** Problem details **
With pictures excluded, repeat exactly the lines from the one containing "Trailer 5 Leaf" through the last line of the material below.

** Supplied material **
---*---
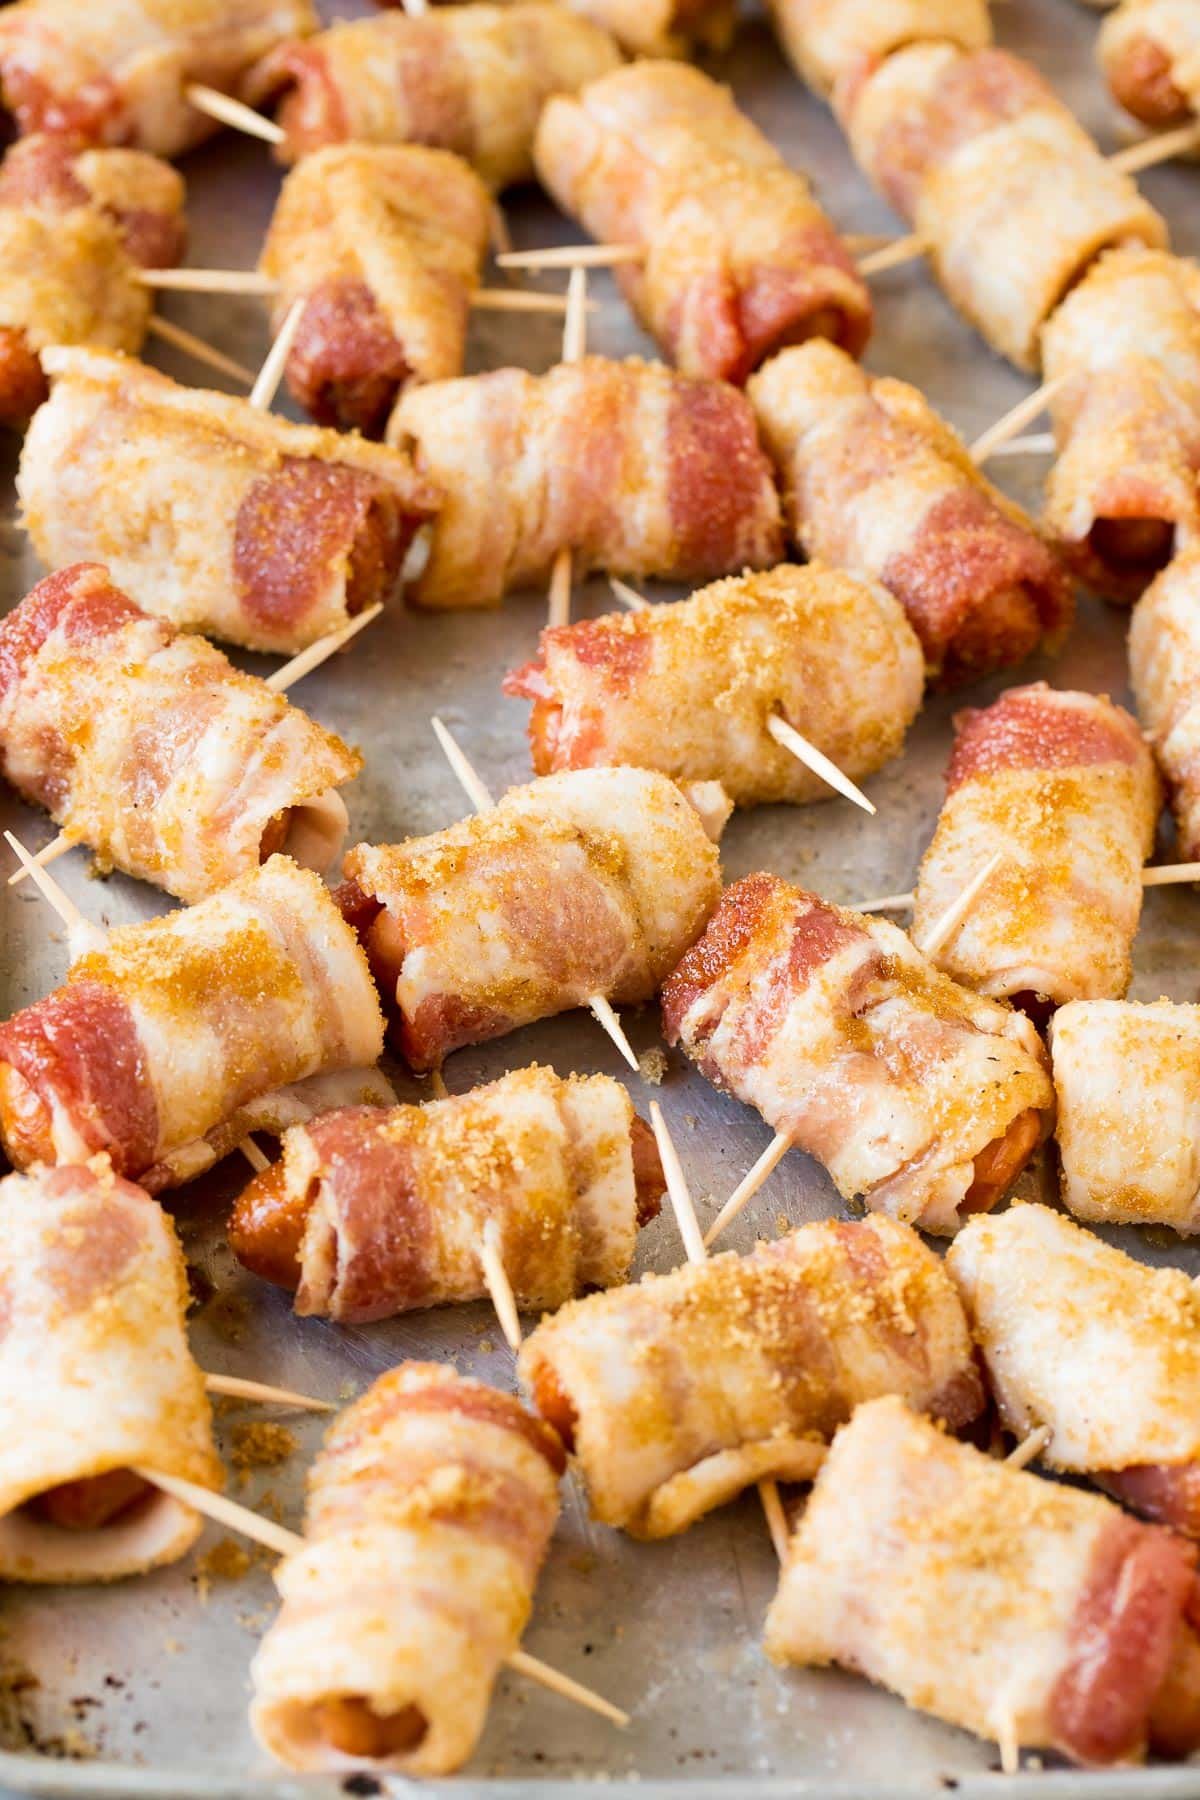 Sausages wrapped in bacon and secured with toothpicks.
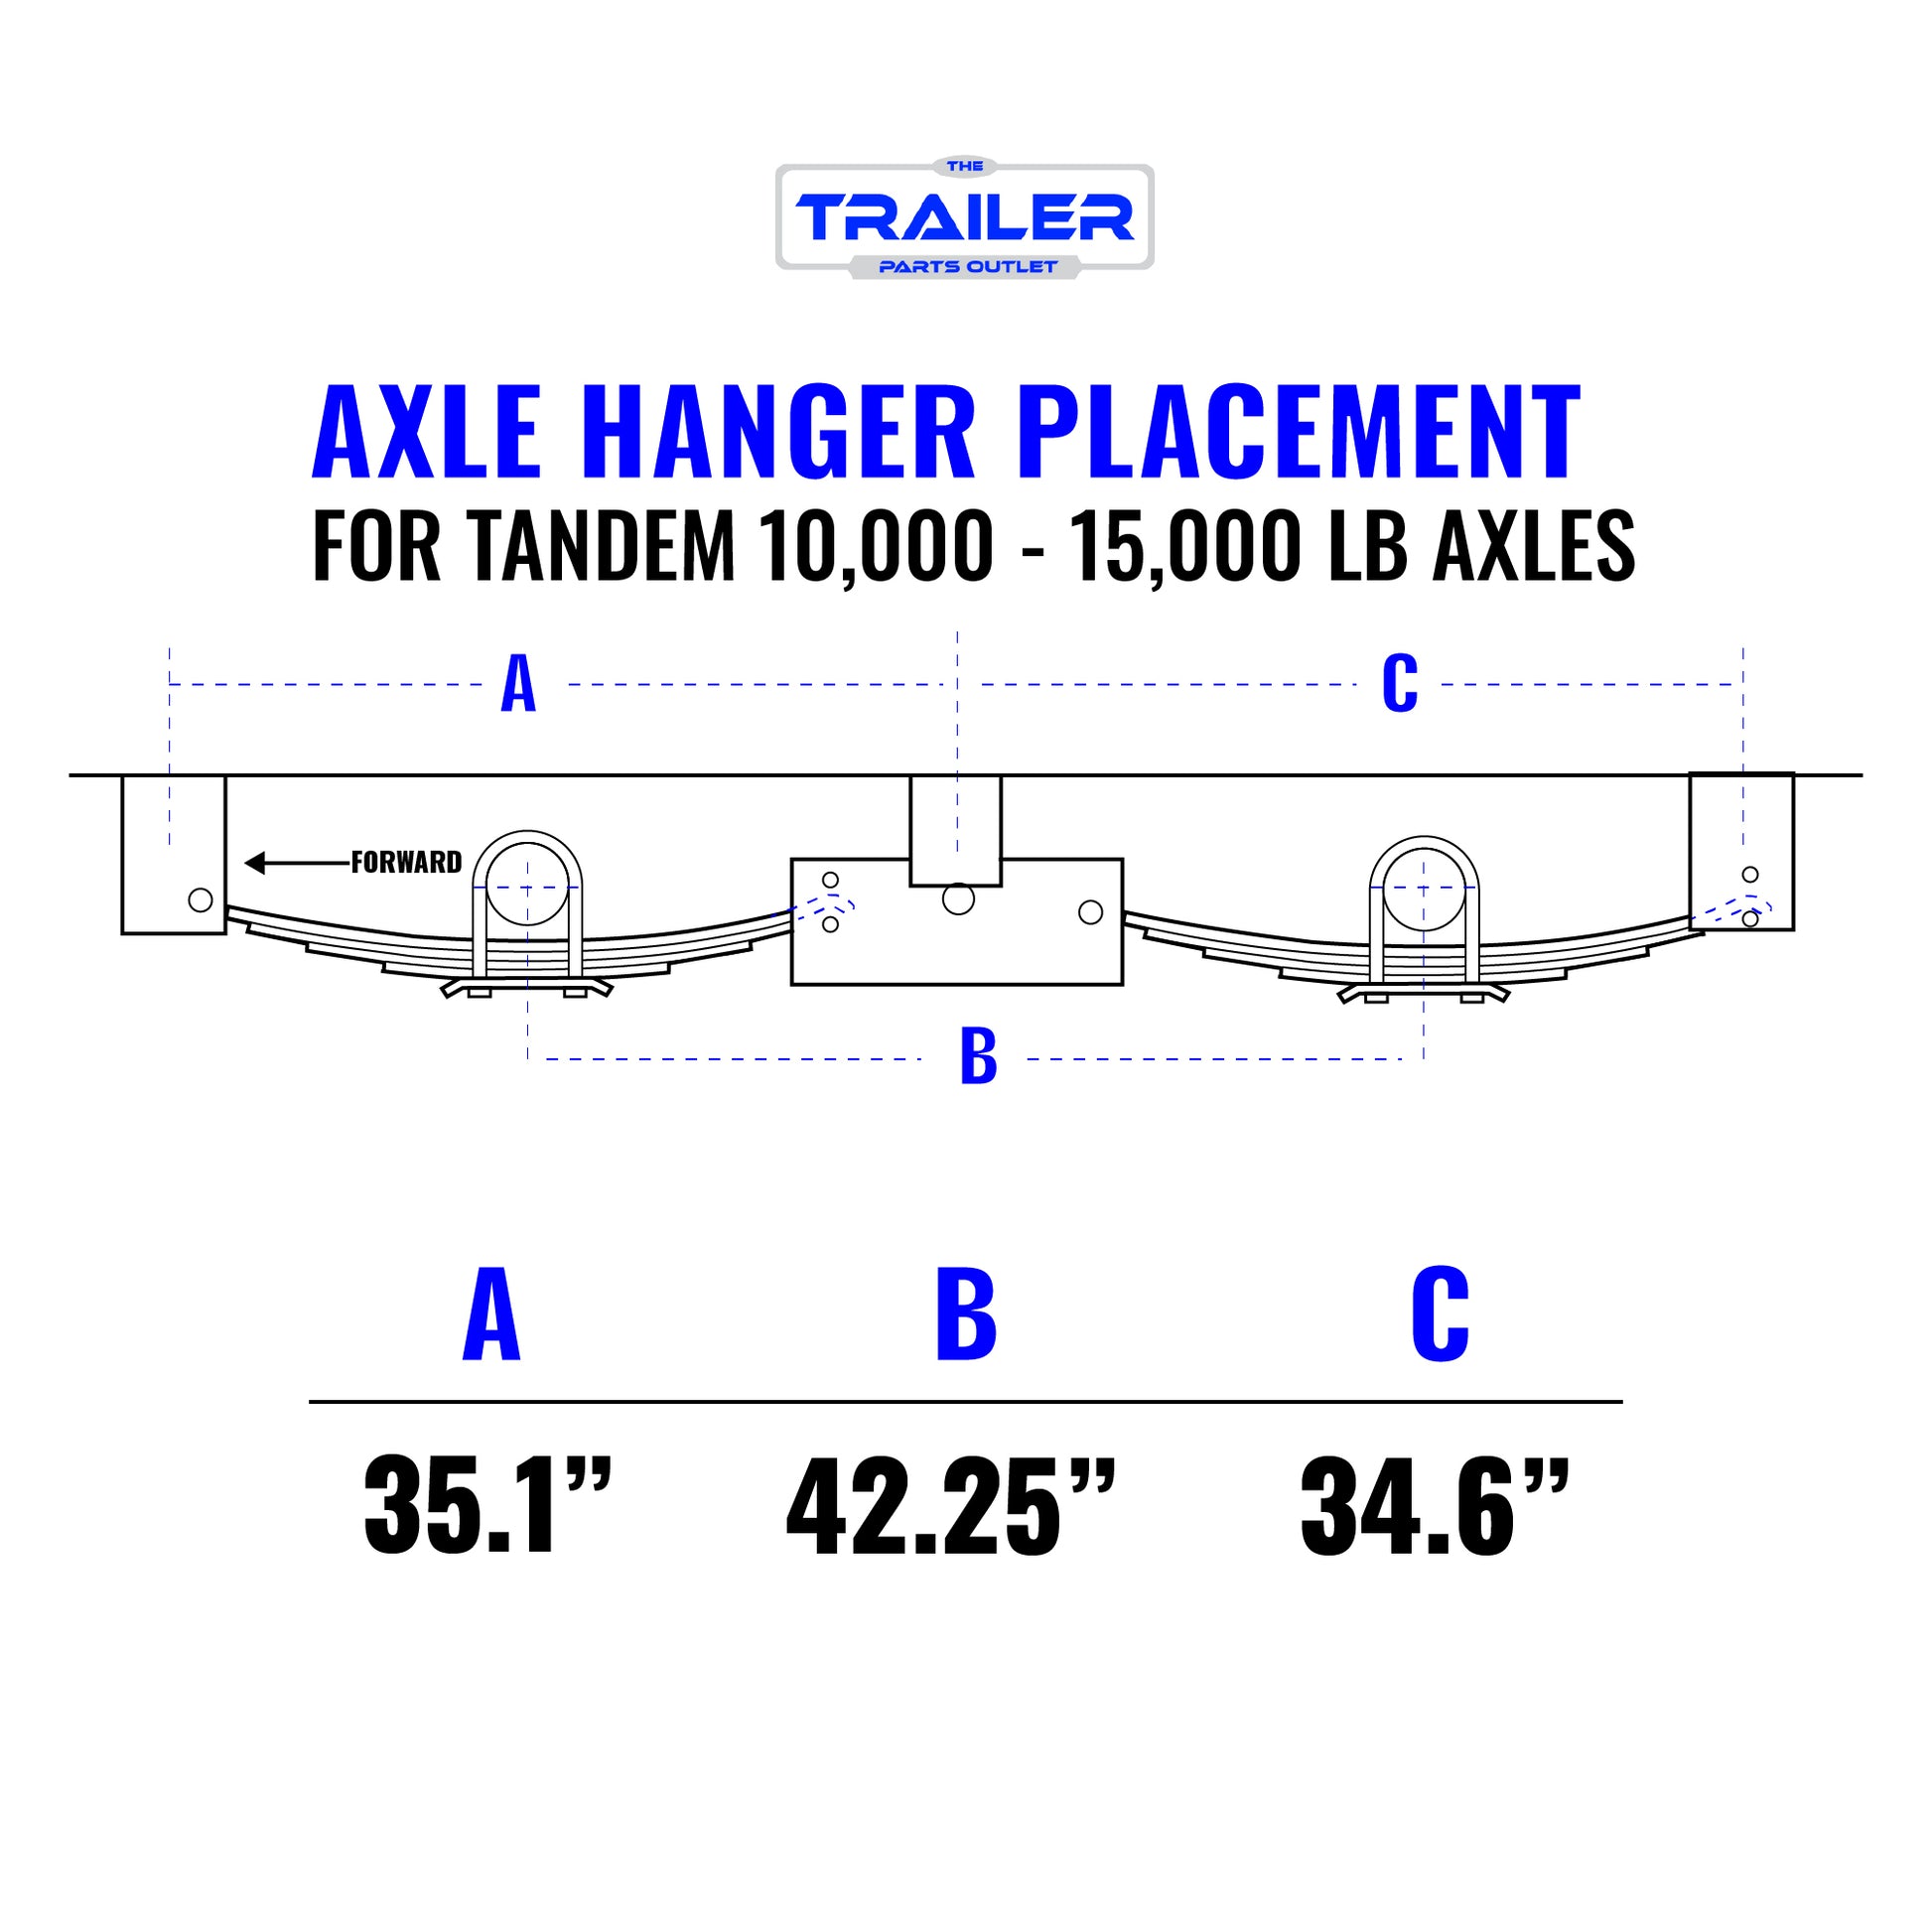 Trailer 5 Leaf Slipper Spring Suspension and Tandem Axle Hanger Kit for 5" Tubes - 10,000 Pound Axles - The Trailer Parts Outlet
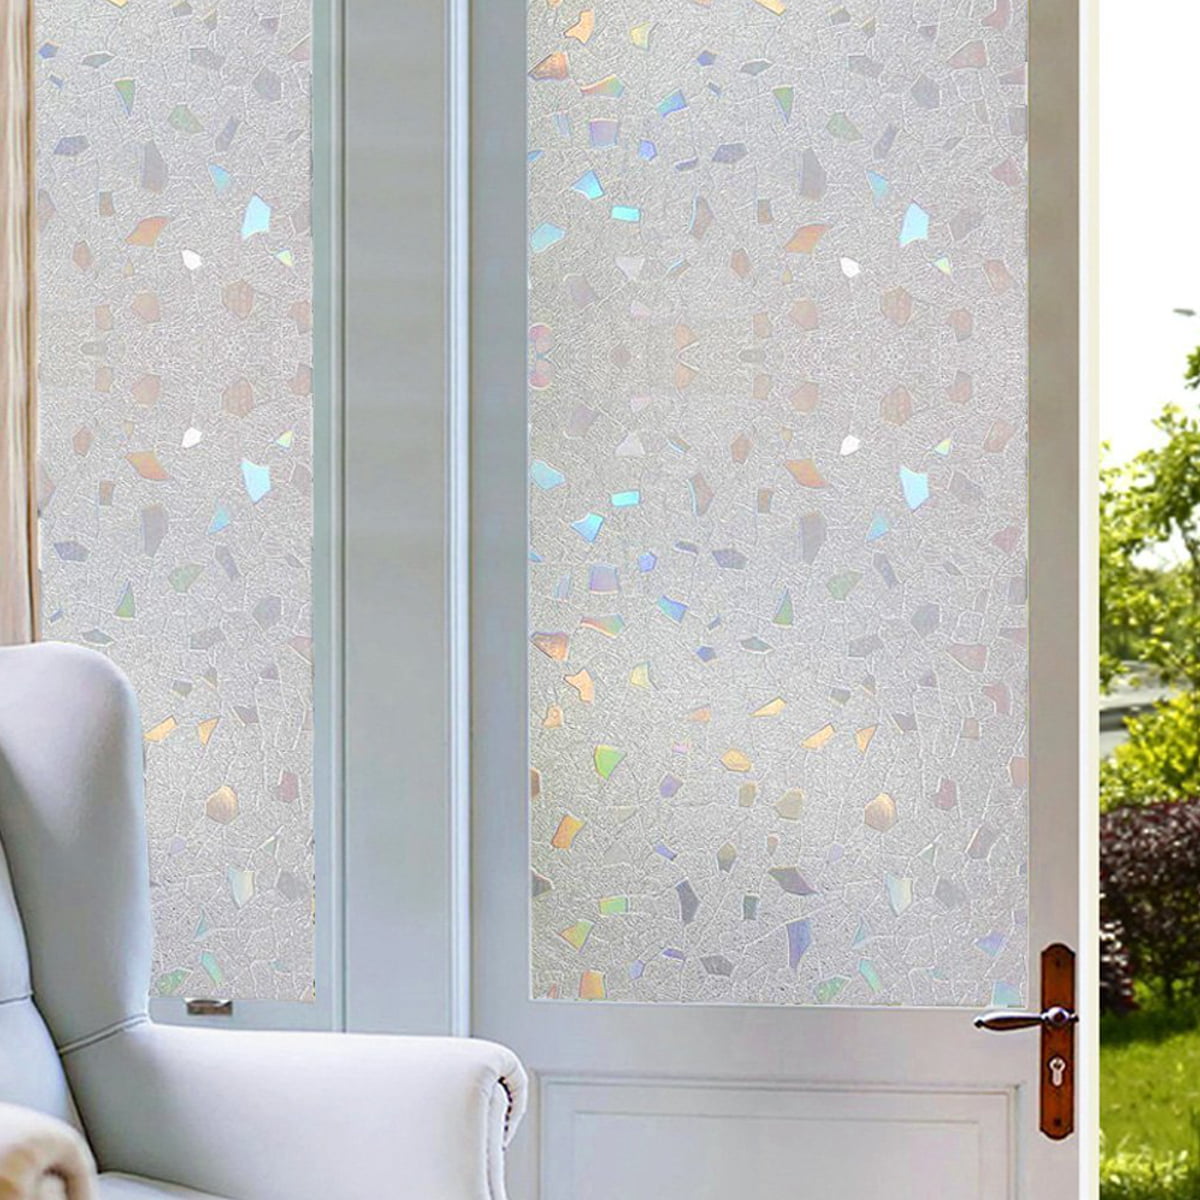 Details about   45x500cm Home Frosted Glass Window Film 3D Privacy Protection Film Decoration US
---*---
** Your solution **
 Trailer 5 Leaf Slipper Spring Suspension and Tandem Axle Hanger Kit for 5" Tubes - 10,000 Pound Axles - The Trailer Parts Outlet
 Details about   45x500cm Home Frosted Glass Window Film 3D Privacy Protection Film Decoration US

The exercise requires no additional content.